**Work request**
Write out exactly the lines of the entries below, from the first through the line containing "Где купить длинные", and nothing beyond them.

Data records
------------

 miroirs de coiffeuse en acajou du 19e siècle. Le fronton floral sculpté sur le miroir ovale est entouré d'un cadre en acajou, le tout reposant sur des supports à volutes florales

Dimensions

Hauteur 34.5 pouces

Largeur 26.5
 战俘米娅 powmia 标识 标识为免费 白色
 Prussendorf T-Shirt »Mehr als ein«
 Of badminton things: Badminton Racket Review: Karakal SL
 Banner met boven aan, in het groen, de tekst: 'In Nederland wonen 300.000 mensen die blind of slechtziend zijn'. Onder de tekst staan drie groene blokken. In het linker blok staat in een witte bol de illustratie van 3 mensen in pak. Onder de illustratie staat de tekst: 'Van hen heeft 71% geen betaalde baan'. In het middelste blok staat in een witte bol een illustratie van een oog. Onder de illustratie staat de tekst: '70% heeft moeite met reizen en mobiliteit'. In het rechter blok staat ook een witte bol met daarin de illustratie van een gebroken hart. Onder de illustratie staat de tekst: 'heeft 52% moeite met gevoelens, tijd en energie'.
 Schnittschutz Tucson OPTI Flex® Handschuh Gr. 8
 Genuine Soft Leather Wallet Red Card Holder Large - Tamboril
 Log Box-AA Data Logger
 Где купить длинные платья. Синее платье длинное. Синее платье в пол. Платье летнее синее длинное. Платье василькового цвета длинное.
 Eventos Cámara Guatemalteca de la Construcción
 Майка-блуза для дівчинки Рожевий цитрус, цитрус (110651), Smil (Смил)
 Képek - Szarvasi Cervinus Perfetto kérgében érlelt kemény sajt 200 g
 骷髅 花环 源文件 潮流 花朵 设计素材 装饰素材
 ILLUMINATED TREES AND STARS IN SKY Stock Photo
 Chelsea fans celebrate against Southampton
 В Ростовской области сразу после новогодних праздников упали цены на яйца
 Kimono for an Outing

------------

**Result of this task**
 miroirs de coiffeuse en acajou du 19e siècle. Le fronton floral sculpté sur le miroir ovale est entouré d'un cadre en acajou, le tout reposant sur des supports à volutes florales

Dimensions

Hauteur 34.5 pouces

Largeur 26.5
 战俘米娅 powmia 标识 标识为免费 白色
 Prussendorf T-Shirt »Mehr als ein«
 Of badminton things: Badminton Racket Review: Karakal SL
 Banner met boven aan, in het groen, de tekst: 'In Nederland wonen 300.000 mensen die blind of slechtziend zijn'. Onder de tekst staan drie groene blokken. In het linker blok staat in een witte bol de illustratie van 3 mensen in pak. Onder de illustratie staat de tekst: 'Van hen heeft 71% geen betaalde baan'. In het middelste blok staat in een witte bol een illustratie van een oog. Onder de illustratie staat de tekst: '70% heeft moeite met reizen en mobiliteit'. In het rechter blok staat ook een witte bol met daarin de illustratie van een gebroken hart. Onder de illustratie staat de tekst: 'heeft 52% moeite met gevoelens, tijd en energie'.
 Schnittschutz Tucson OPTI Flex® Handschuh Gr. 8
 Genuine Soft Leather Wallet Red Card Holder Large - Tamboril
 Log Box-AA Data Logger
 Где купить длинные платья. Синее платье длинное. Синее платье в пол. Платье летнее синее длинное. Платье василькового цвета длинное.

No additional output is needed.